_AIM OF THE EXERCISE_
Write the records below out in full, character for character, with no pictures.

[Extracted records]
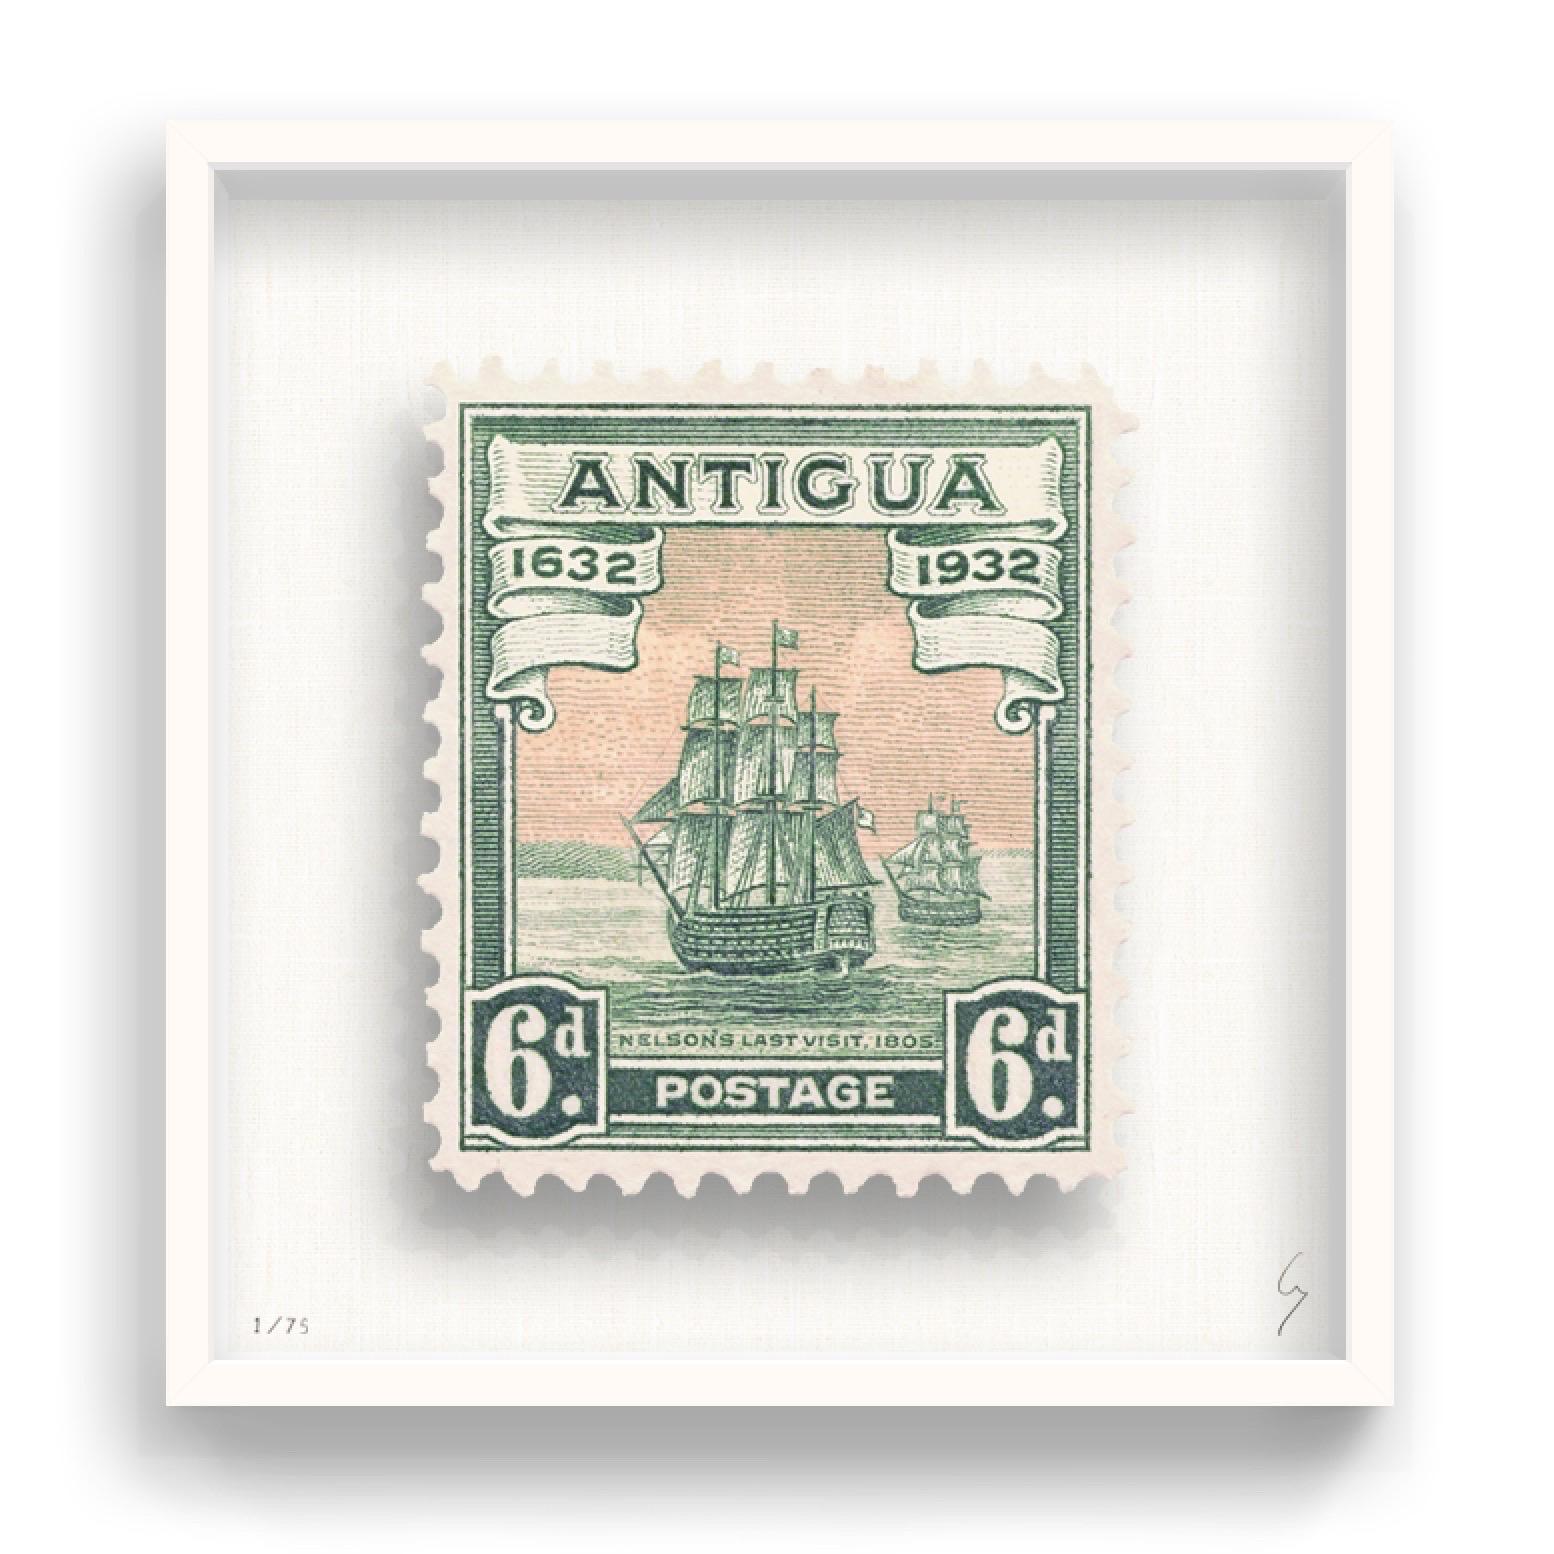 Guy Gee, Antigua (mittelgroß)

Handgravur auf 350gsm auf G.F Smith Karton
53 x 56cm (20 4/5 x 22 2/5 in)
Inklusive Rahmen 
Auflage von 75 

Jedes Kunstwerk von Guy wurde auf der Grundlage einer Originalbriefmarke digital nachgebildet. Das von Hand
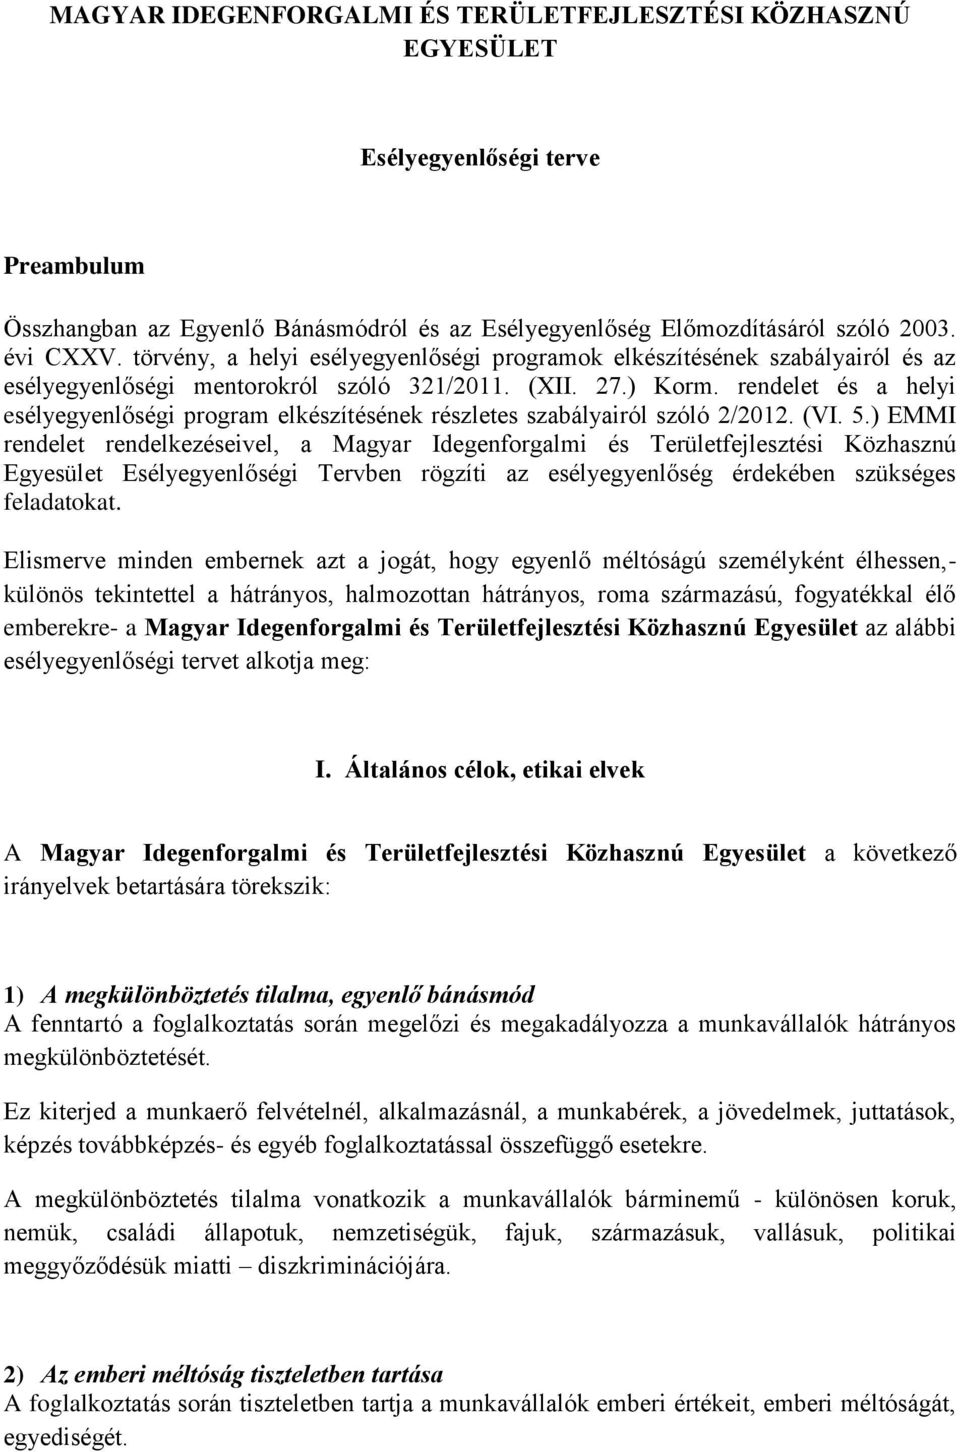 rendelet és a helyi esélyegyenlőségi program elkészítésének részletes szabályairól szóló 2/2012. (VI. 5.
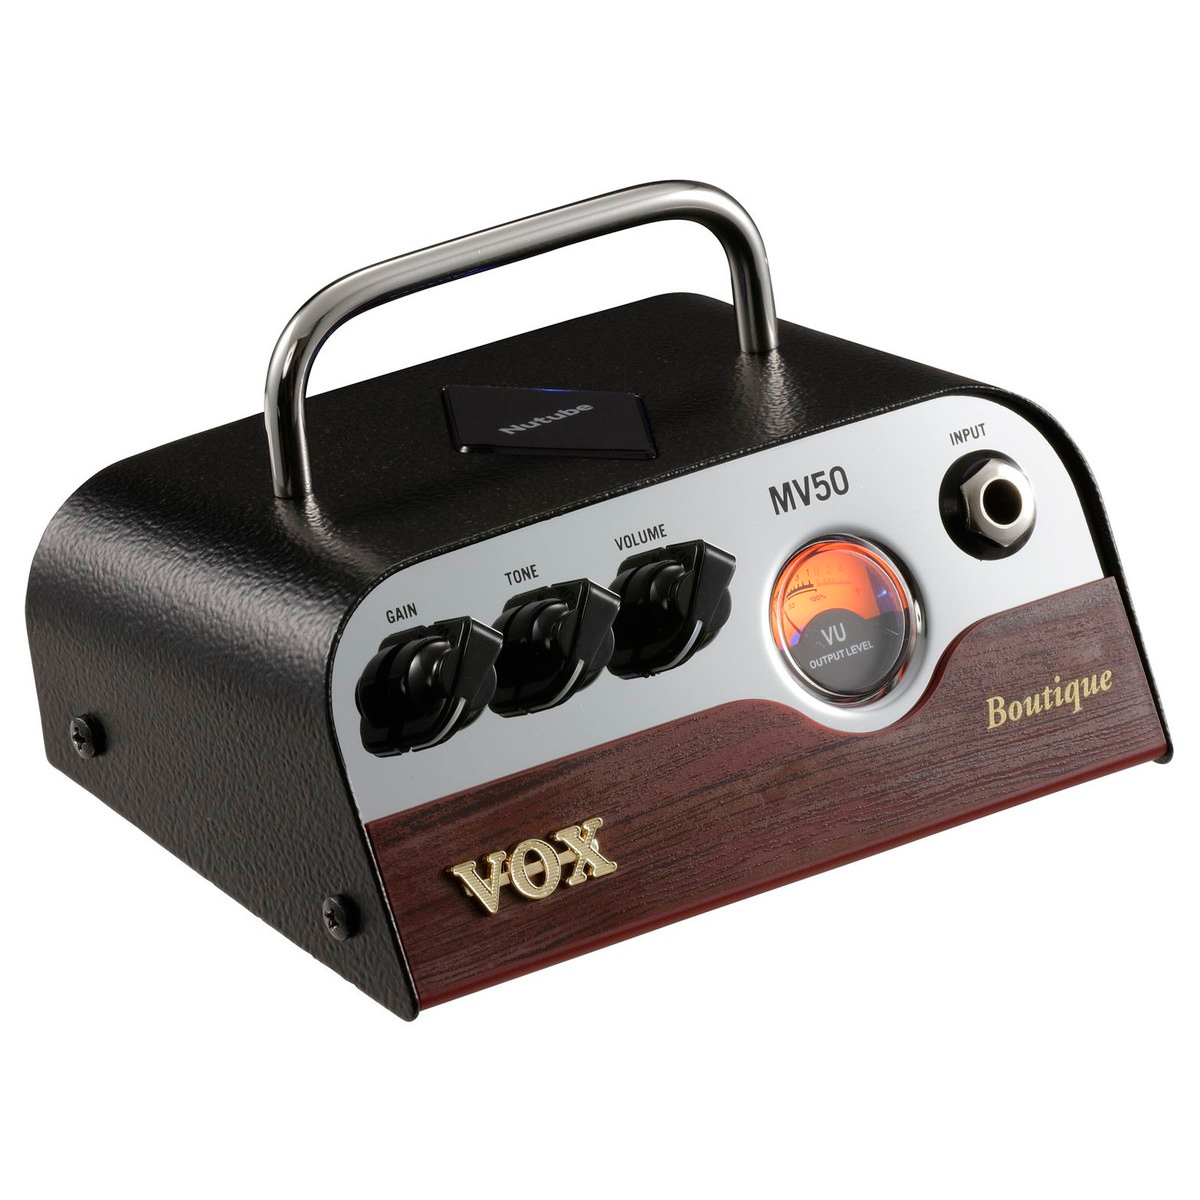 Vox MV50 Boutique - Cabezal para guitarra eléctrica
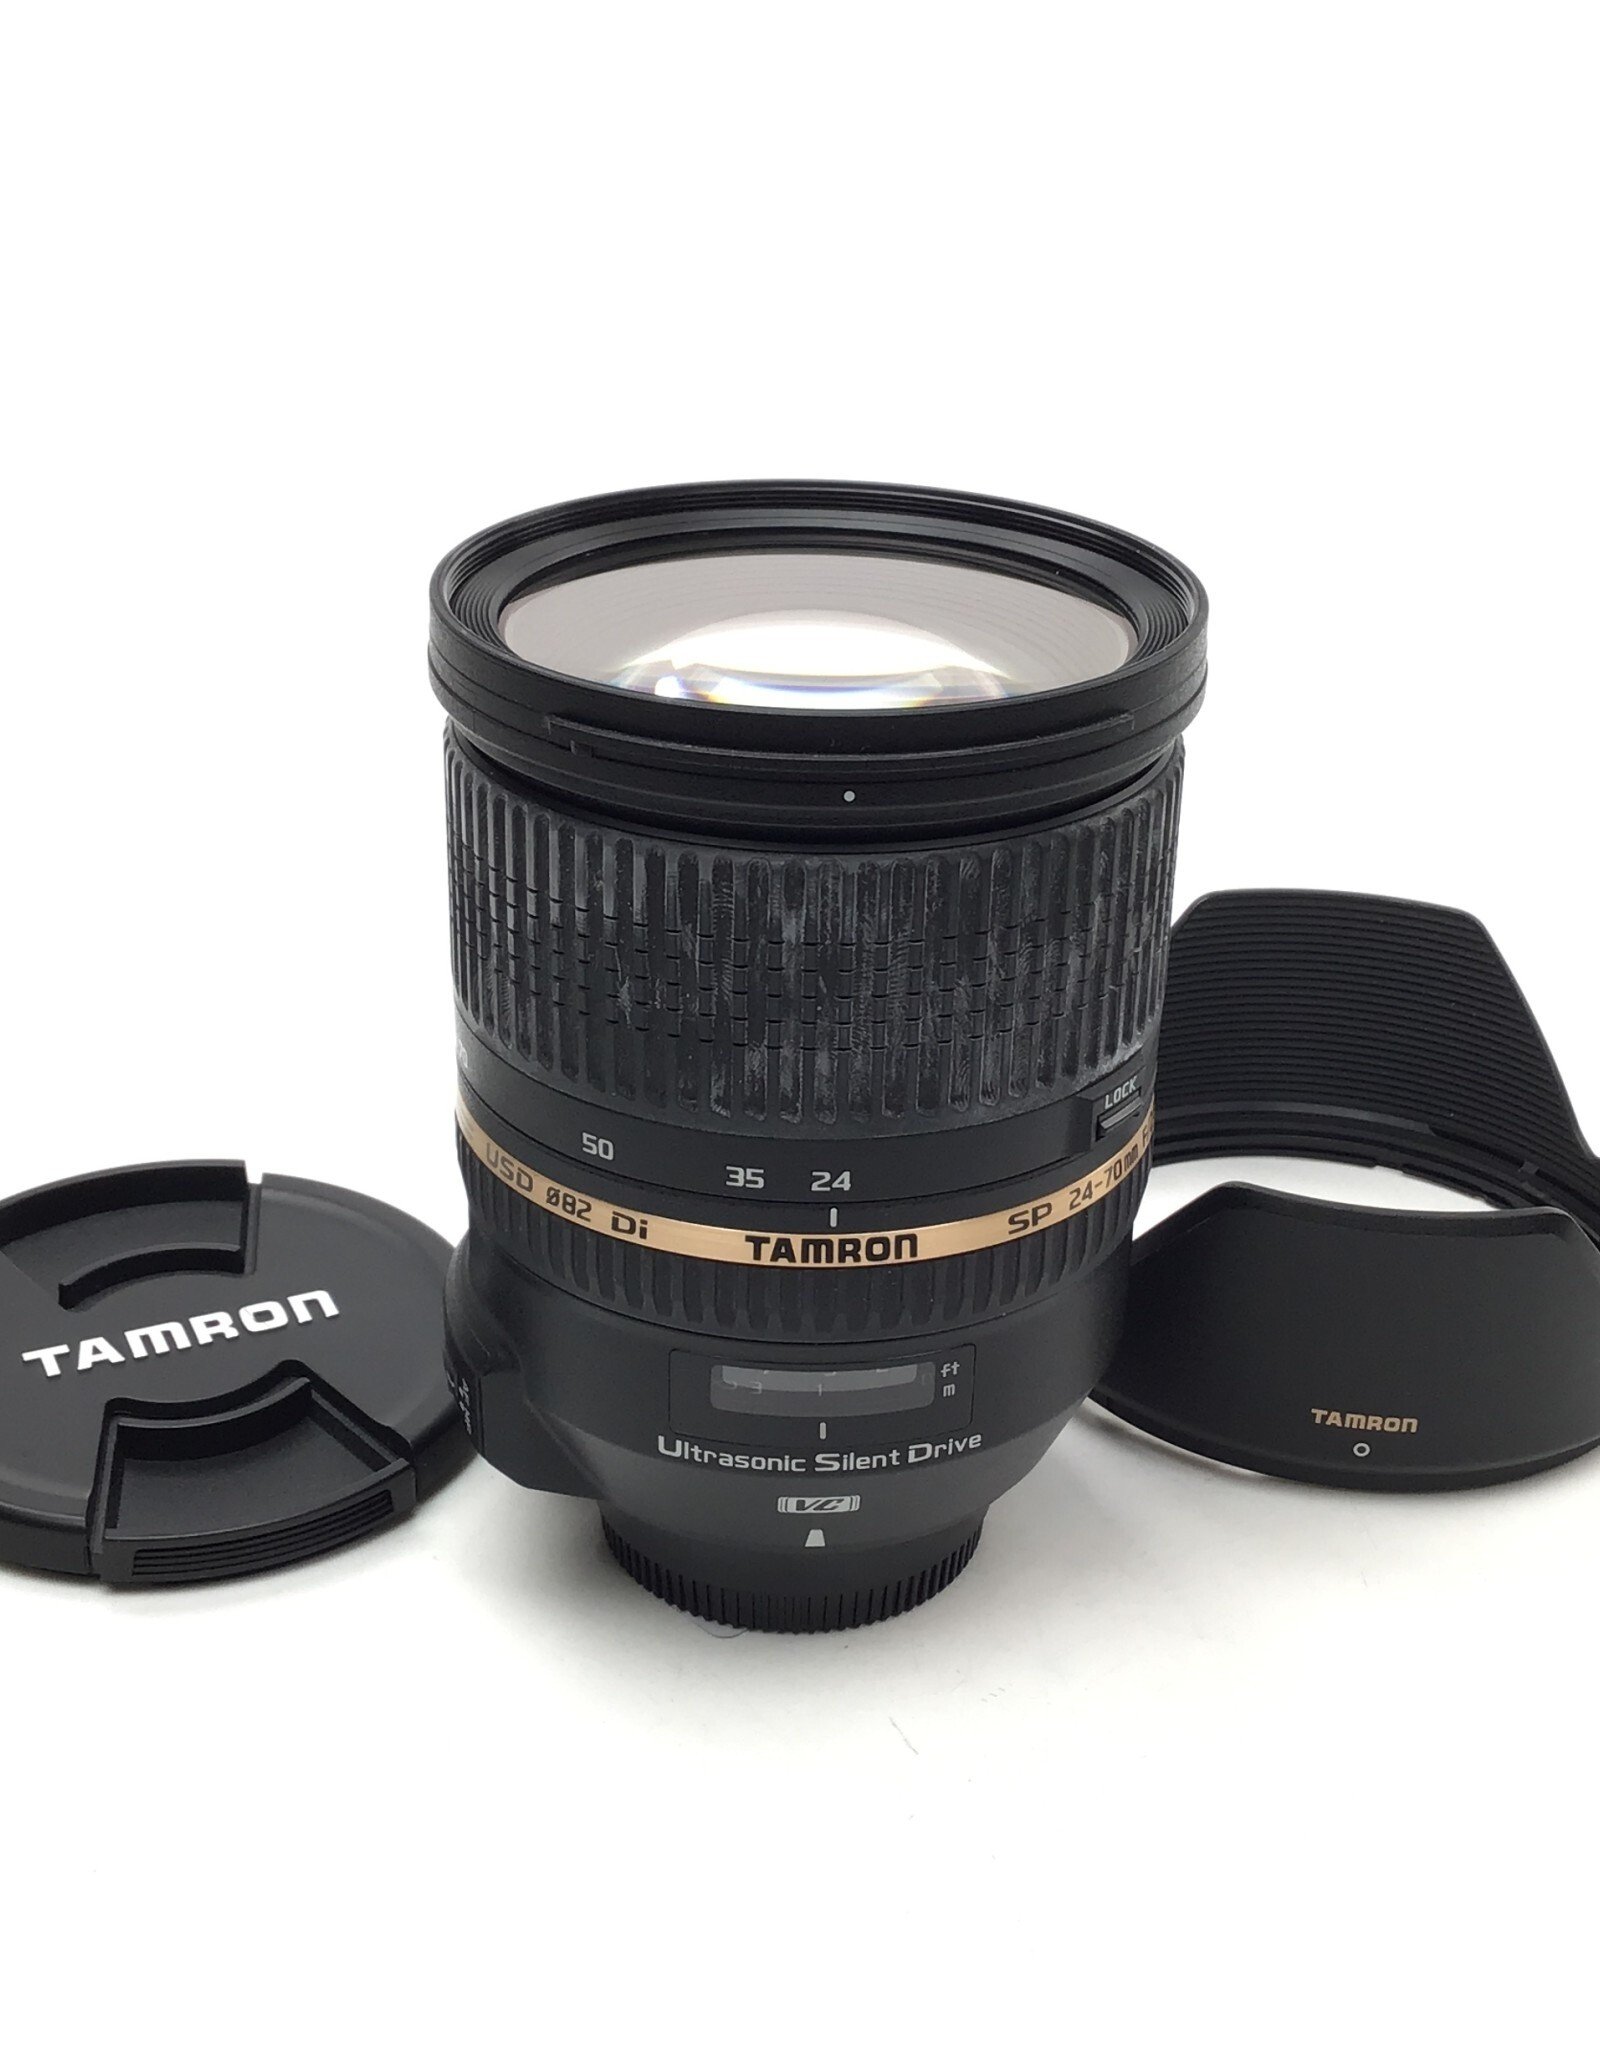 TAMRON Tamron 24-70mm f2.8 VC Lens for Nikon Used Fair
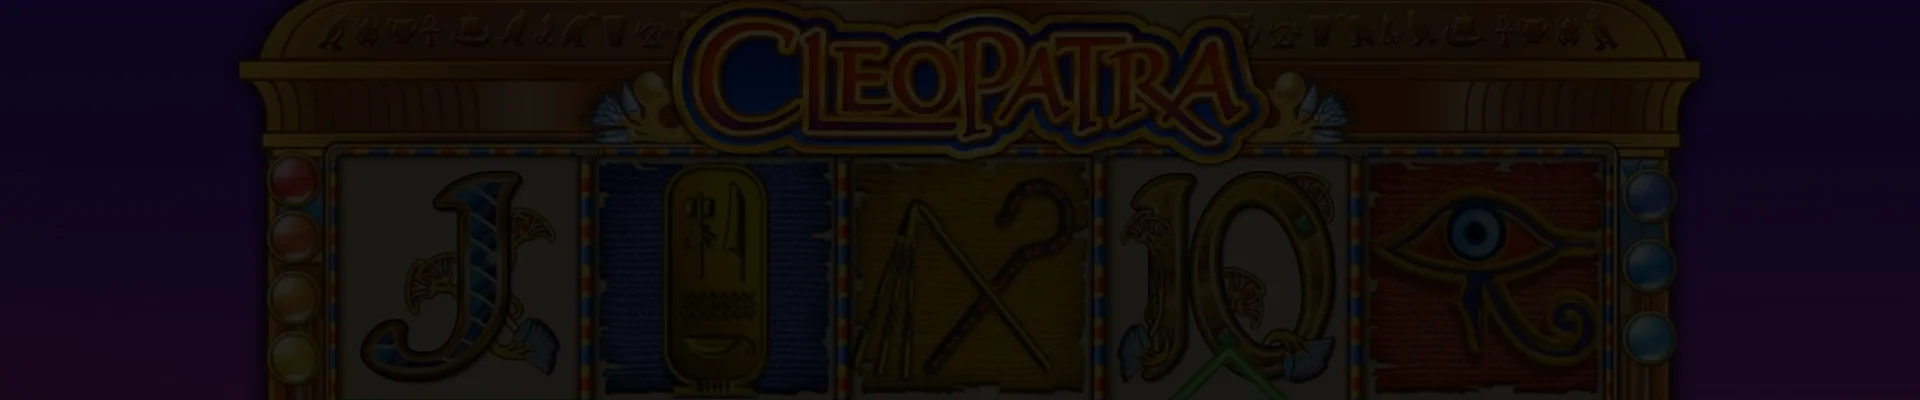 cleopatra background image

_ANSWER TO THIS EXERCISE_
 Guy Gee, Antigua (mittelgroß)

Handgravur auf 350gsm auf G.F Smith Karton
53 x 56cm (20 4/5 x 22 2/5 in)
Inklusive Rahmen 
Auflage von 75 

Jedes Kunstwerk von Guy wurde auf der Grundlage einer Originalbriefmarke digital nachgebildet. Das von Hand
 rendelet és a helyi esélyegyenlőségi program elkészítésének részletes szabályairól szóló 2/2012. (VI. 5.
 Vox MV50 Boutique - Cabezal para guitarra eléctrica
 TAMRON Tamron 24-70mm f2.8 VC Lens for Nikon Used Fair
 cleopatra background image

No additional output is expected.